Max: (scratches his head) Fripp may have, err, the intelligence of a small child, but he's nice enough. And that's what matters."
After Fripp whispered in Max's ear, Nina shouted, "Ooh, ooh! Wanna know a secret of mine? I'm enjoying this contest so much that I haven't bathed in months!"
Max scratched his head. "But it's only the third day!"
The messy girl grinned. "I know! That's the best part! Ooh, I wonder how deep my finger can get into Mr. Nosey!"
She then picked her nose and leaned back to the stench of her armpits could plague the air around her team.
(Confessional: Nothing is sacred…)
Lankston: Why?! Why?! Why?!
Donny: No wonder Nina's afraid of soap. (sniffs) "Oh no… she must have farted in here a few minutes ago… going down!" (pukes in the toilet)
Winnie and Yannis were working on their team's flying vehicle. They had repaired the dentist's chair and were now attaching the fuel tank to the back of the chair. After a few seconds, Winnie said, "I never really considered myself an engineering sort of girl. I always thought I was more like a cat girl, or neko girl, if we're using the Japanese term here. Heck, I even have some feline characteristics."
Yannis' eyes widened, and he then beckoned her to continue, causing Winnie to say, "Well, I like getting scratched behind the ears! My real ears, not my kitty head band."
The silent dude nodded and straightened his bow tie a little before Winnie gulped and said, "Say, Yannis. If I may ask, and I hope this isn't a bad question, but... what's your ethnicity? I'm sorry, but can't quite tell."
Yannis smiled as he wrote something down in his notebook and handed it to Winnie. Then, Winnie said, "Oh, so you're Indian African Canadian! Cool! As for me, I'm just Canadian."
Quarla then interrupted their little conversation to scream, "Hey, wimps! Stop goofing off and get to work! You two are now on gathering duty, and I'll start constructing the engine. Ulric! Helen! Give me a hand now!"
The four listened to the aggressive girl's commands. However, after a few seconds, Helen sighed and droned, "I hate making things. It's far too exciting."
Ulric rolled his eyes. "Ugh, is breathing too exciting for you?!"
The anti-fun girl returned the eye roll."Don't tell jokes.
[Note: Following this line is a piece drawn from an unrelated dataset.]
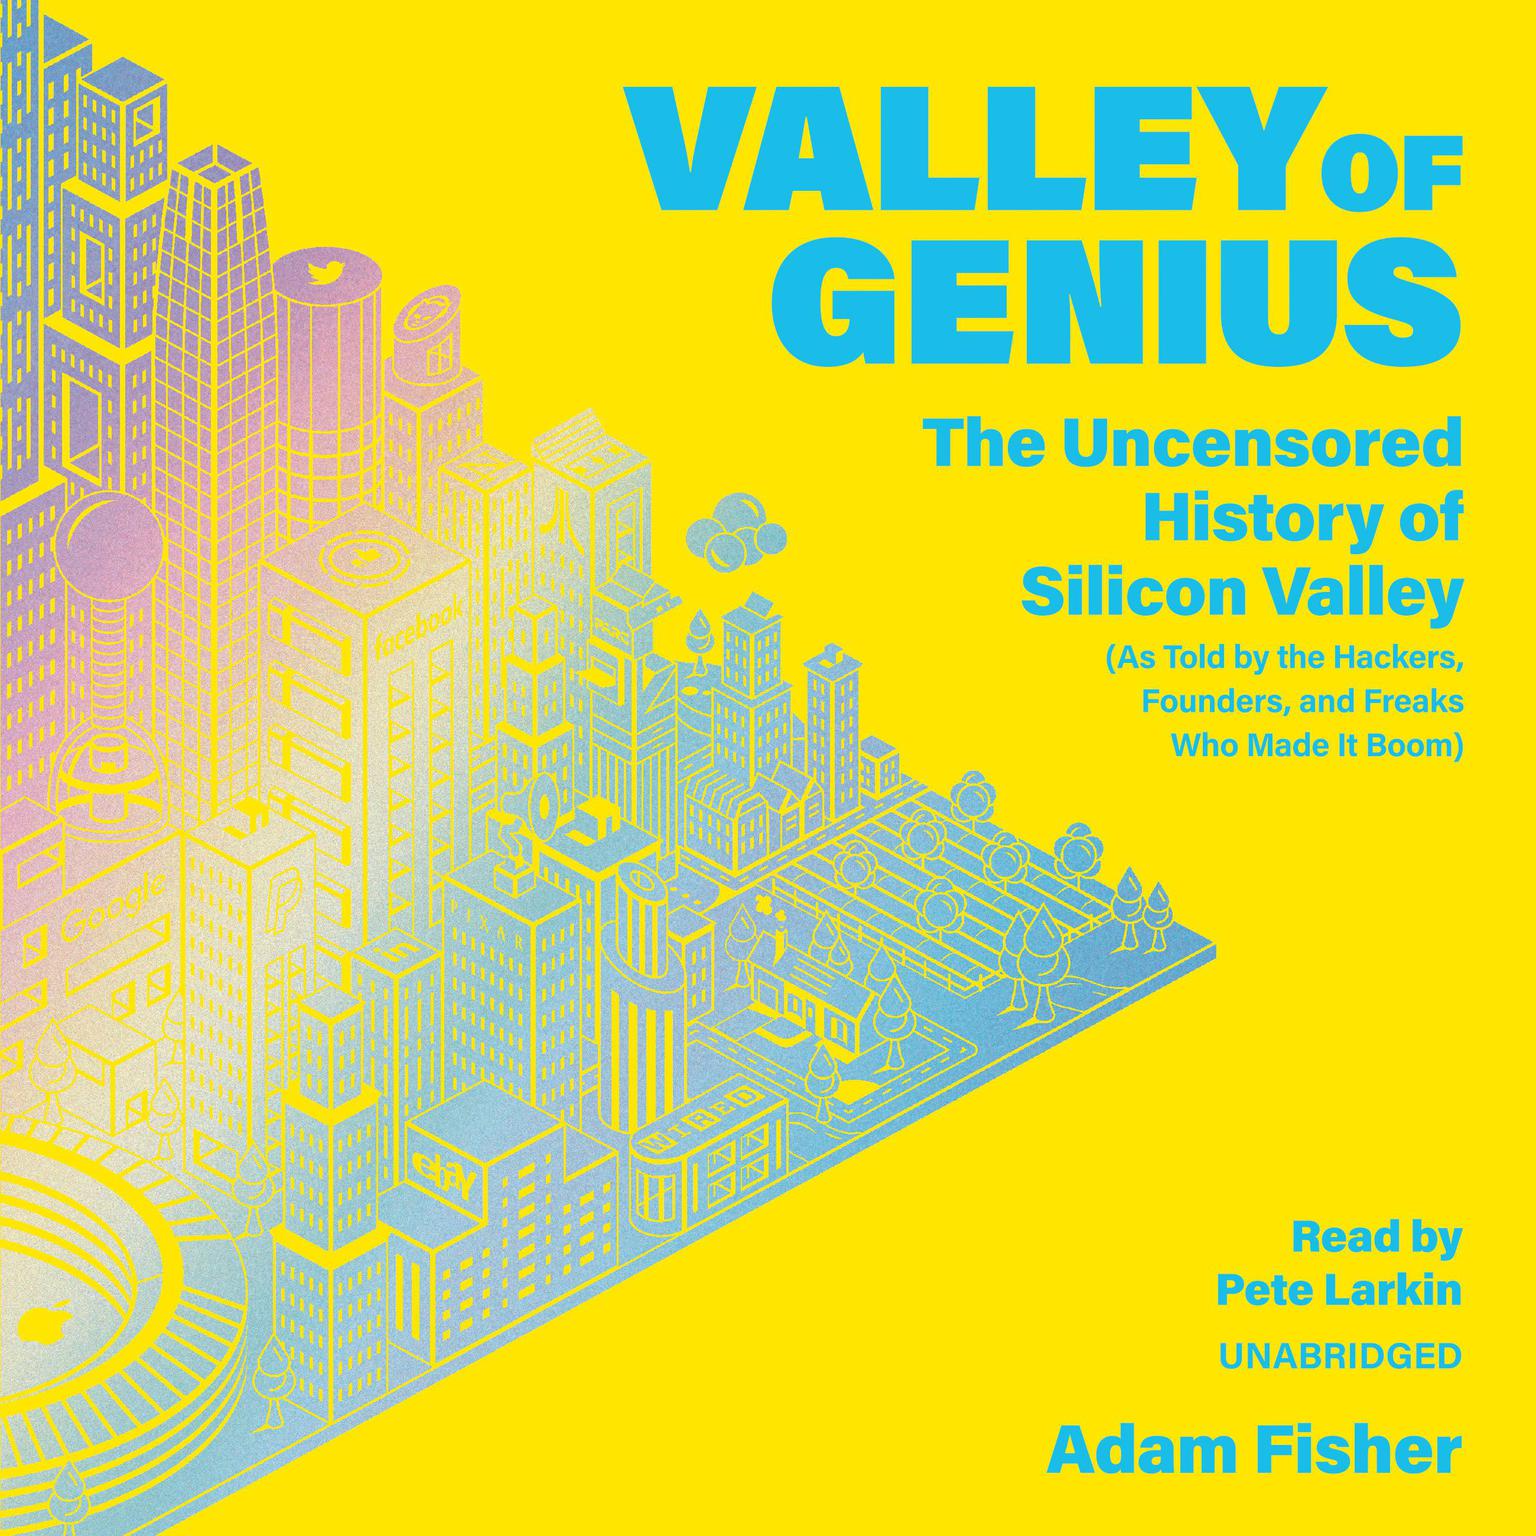 Valley of Genius: The Uncensored History of Silicon Valley (As Told by the Hackers, Founders, and Freaks Who Made It Boom) Audiobook, by Adam Fisher

They're far too exci-."
The aggressive girl then stepped in. "Hey, stop talking and help me get this engine built already! My uncle owns and auto shop so I know I'm doing, but I'll need you two to told it in place while I weld it on."
Ulric gulped. "That's... kinda dangerous."
Quarla smirked. "Heh heh heh, everything worth doing is dangerous!"
(Confessional: This can only end well.)
Yannis: (holds up a picture of Winnie and smiles. He then holds up a picture of Quarla and frowns).
Ulric: It turns out Quarla did know exactly what she was doing, but still, she could have melted my flippin' hands off! Not cool!
Tyson: Quarla knows how to lead, but she's totally temperamental. She should just chill, y'know? Total harshness.
After sitting down for a few seconds, Paul asked, "What should I do?"
Quarla responded by snapping, "Piss off! We don't need your help, you weakling!"
Helen rolled her eyes. "Correct. Your germ induced freak outs are far too exci-."
Ulric stepped in to shout, "Hey, leave him alone, you two! Seriously!"
However, Paul had already walked away with a dejected expression.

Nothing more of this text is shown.